Unfortunately, even through the giant growth over the course of that second week, sellers still outnumbered buyers by 2 to 1 and the lack of volume sales were shrinking interest in the platform. By the end of week 4, most cards settled back down to about 30% of where they were during that first boom.

I had already pulled out my original money (ill get to that process in a second), so I was fine seeing the money evaporate to a certain degree. I was prepped for a long term hold and seeing what Topps was going to do with new sets and new products.

Along that path, I really changed my mind, as there was almost zero information provided to the public and very little communication from Topps Digital about future plans. Other collectors grew bored as well, and the sales transaction figures have tanked.

Although its only been about a month since the initial release, the sheer lack of planning is really showing here. Even if the internal planning is very flushed out and very detailed, the public knows nothing of it. As a result, we are left to wallow in our holds, or cash out.

Cashing Out

I decided it was time to move out of Topps Series 1 a few days ago, and started listing my cards on the market place. I did really well, all things considered, but it was still beyond disappointing that there wasnt more Topps was doing to keep interest high.

This is also where things get really complicated. I didnt really post about selling the NFTs and getting money back the first time around, as it isnt simple – at all. Because WAX does not have a platform to convert the currency to USD, there is a lot of steps to get the cards sold, currency converted to a readily transferrable crypto, which can then be sold and deposited to a bank.

Here are the steps needed:

  1. Sell the cards
  2. Take the currency and transfer it to KuCoin
  3. Convert the currency to BTC
  4. Send the BTC to Coinbase
  5. Sell the BTC
  6. Transfer the currency out to your bank or paypal

This is where I think this whole platform is going to be lost on a number of people. Although the process only took about 2 hours to complete, it takes a lot of steps. If you arent technically inclined, and dont really understand the way CryptoCurrency works, its going to be an exercise in futility. I think I got it to work by luck rather than skill, which is fine for 100 bucks, but not for amounts well above that.
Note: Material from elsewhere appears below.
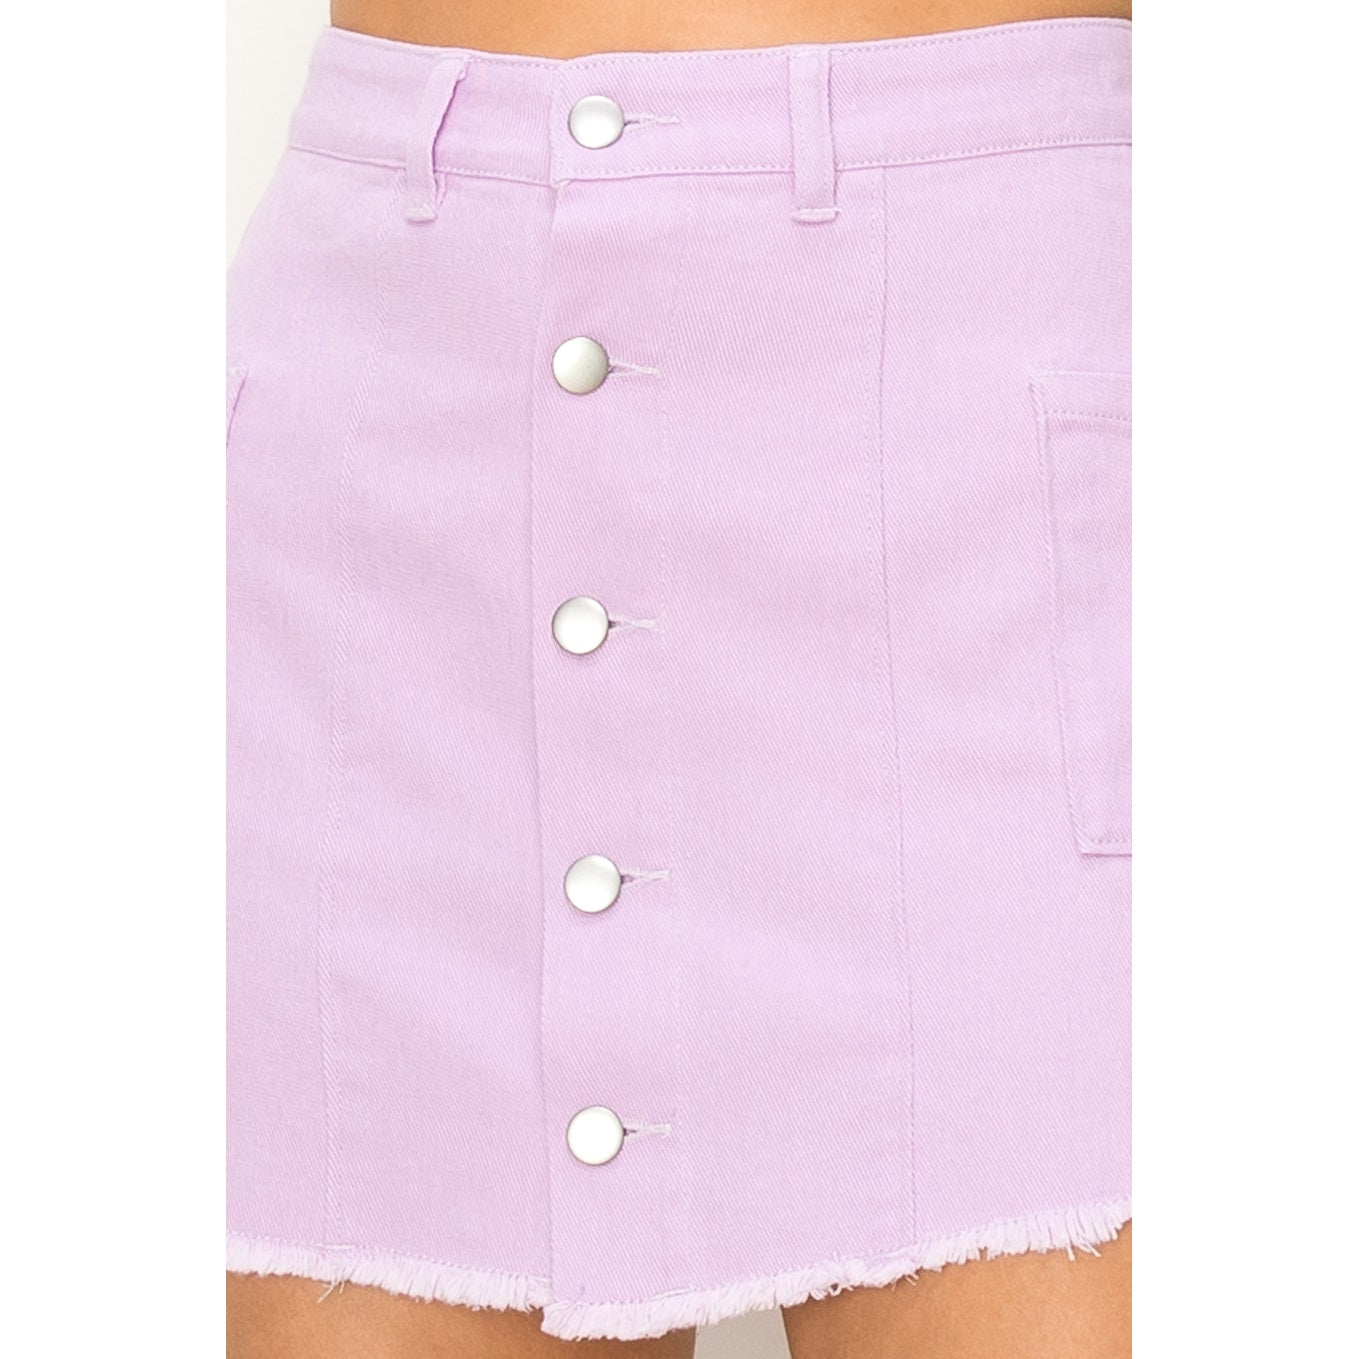 Drawn To You Lavender Mini Skirt

There are a lot of places in the process where you can go completely off the rails, and it would be a disaster. There are step by step instructions posted on a number of different forums, but its treacherous at some points.

Looking Forward

If the question is would you do it all over again, the answer is yes, only because of the return. I was able to get a ton of money back compared to what I put in. If the second question pertains more to participation the future, that’s where things get complicated.

I think the technical difficulties during the first drop means that this could hinge on some improvements to the delivery method. Similarly, if its true that Topps isnt going to release more of Series 1, it will depend on a few things. First, is the product they choose to release, second is the pack price.

If they choose a set like Series 2, with the same basic format, Im in. Ill just do what I did here, or hold the packs until they dry up. If we are talking something like Tribute or Definitive, where packs will be 1000 bucks, time to find a new get rich quick scheme.

Similarly, Upper Deck is getting into the game with recent trademark applications pending for NFT related sets. Panini is already in the market to degree as well, which means true NFT sets like this are likely on the way for them too. Because it seems like everything will exist in different crypto universes, its going to be tough to trade or intermingle the way I would outline a utopian NFT collectible market to be set up. However, if eBay does start offering NFT auctions, things could change all together.

I think the volatility of these cards makes them tough for people to really dive into in any meaningful way. Topps’ lack of commitment to keeping the public informed is beyond problematic as well. Overall, Im happy to have had the experience, but overall glad to be rid of it.